• **Task to complete**
Everything from the line holding "SteveSimpson1.jpg" to the last line of the material below must be retyped exactly, minus any pictures.

• **Supplied information**
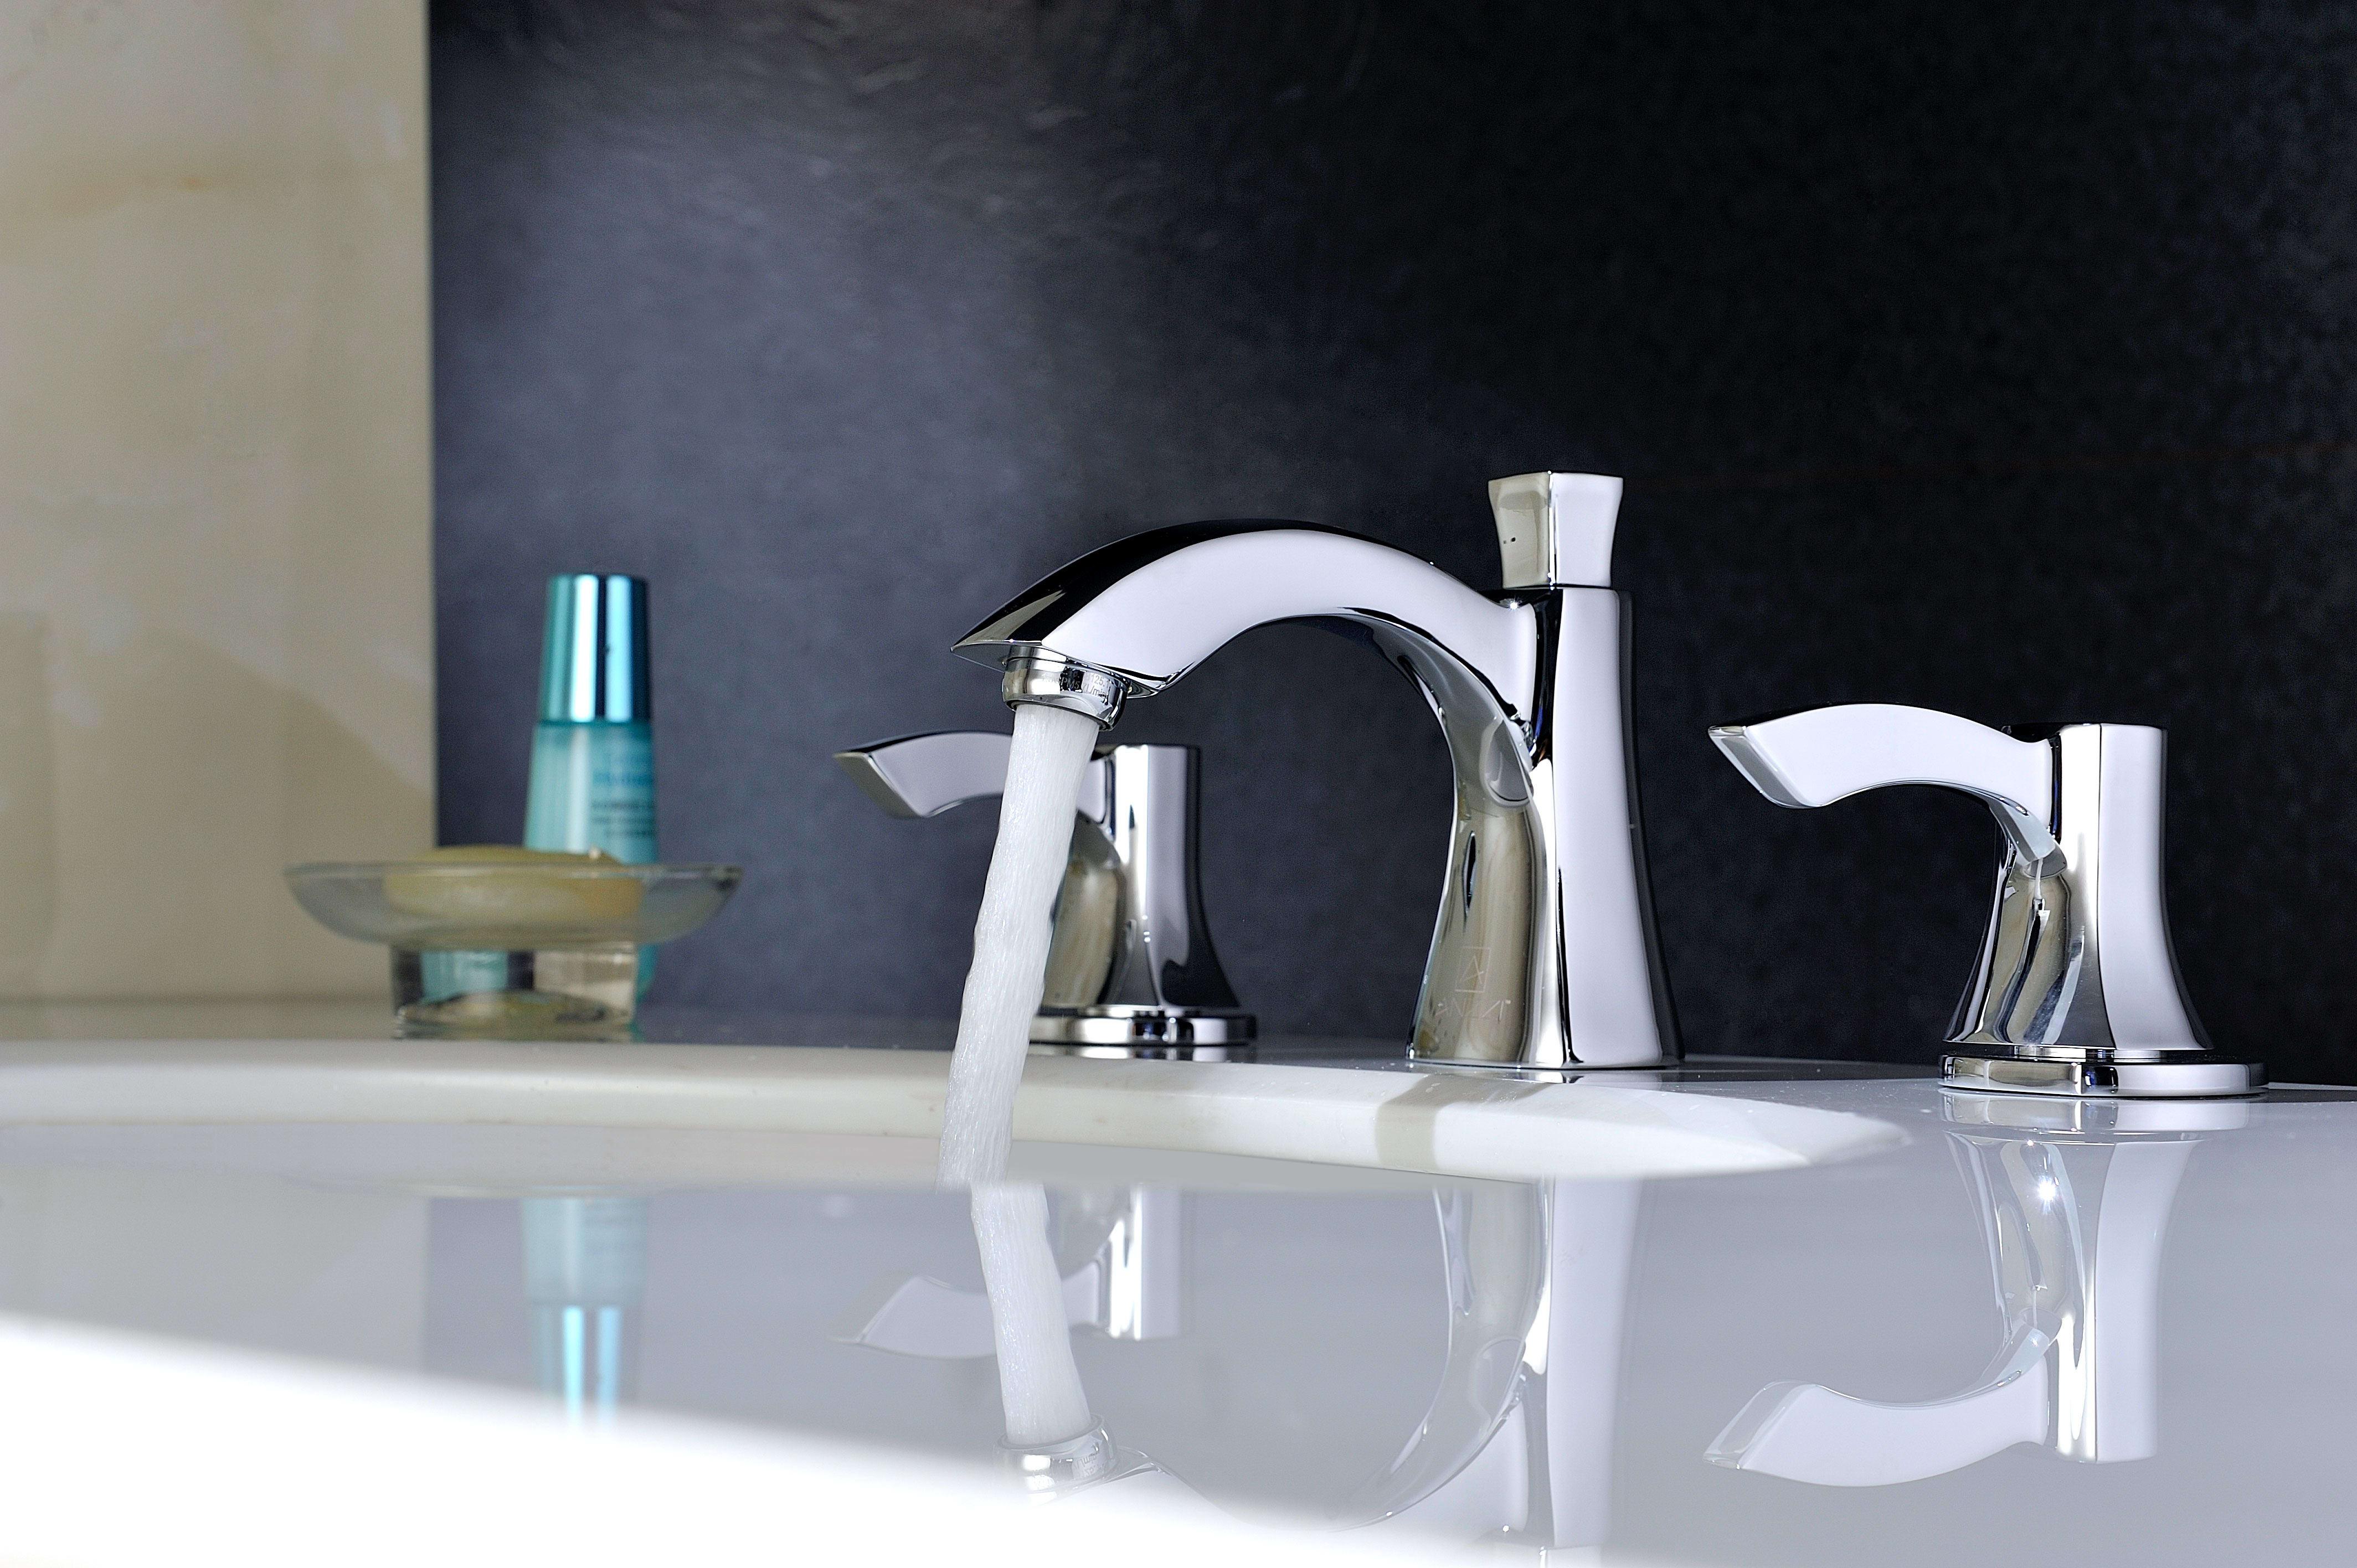 Anzzi L-AZ015 Polished Chrome Sonata Widespread 1.2 GPM Bathroom ...
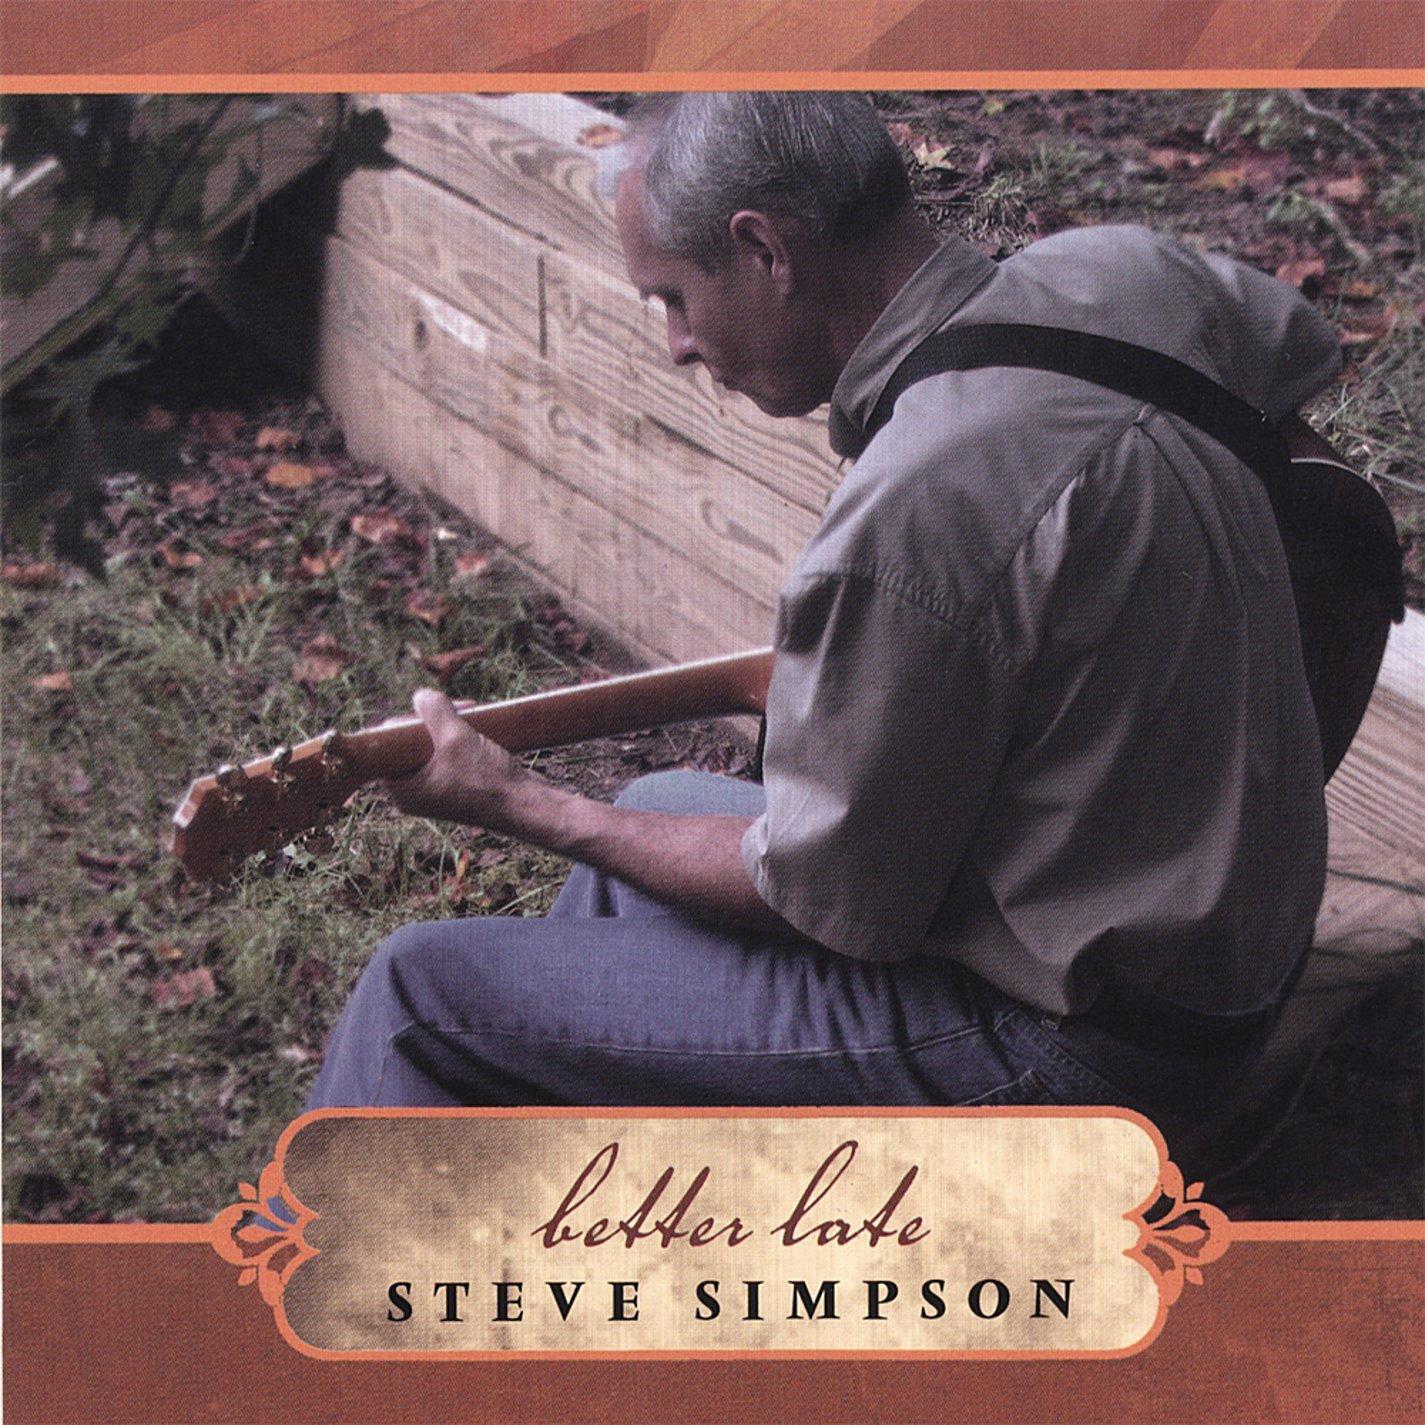 SteveSimpson1.jpg
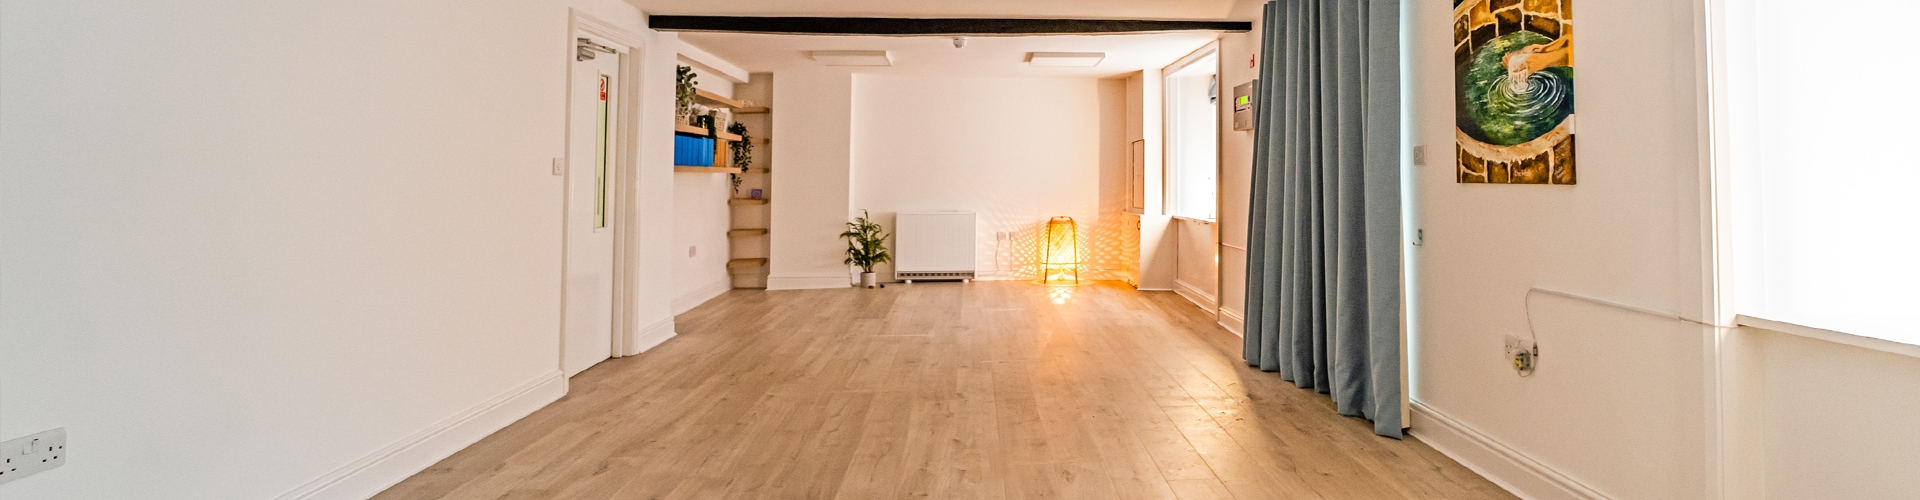 Wellbeing studio in Brackley

• **Answer section**
 SteveSimpson1.jpg
 Wellbeing studio in Brackley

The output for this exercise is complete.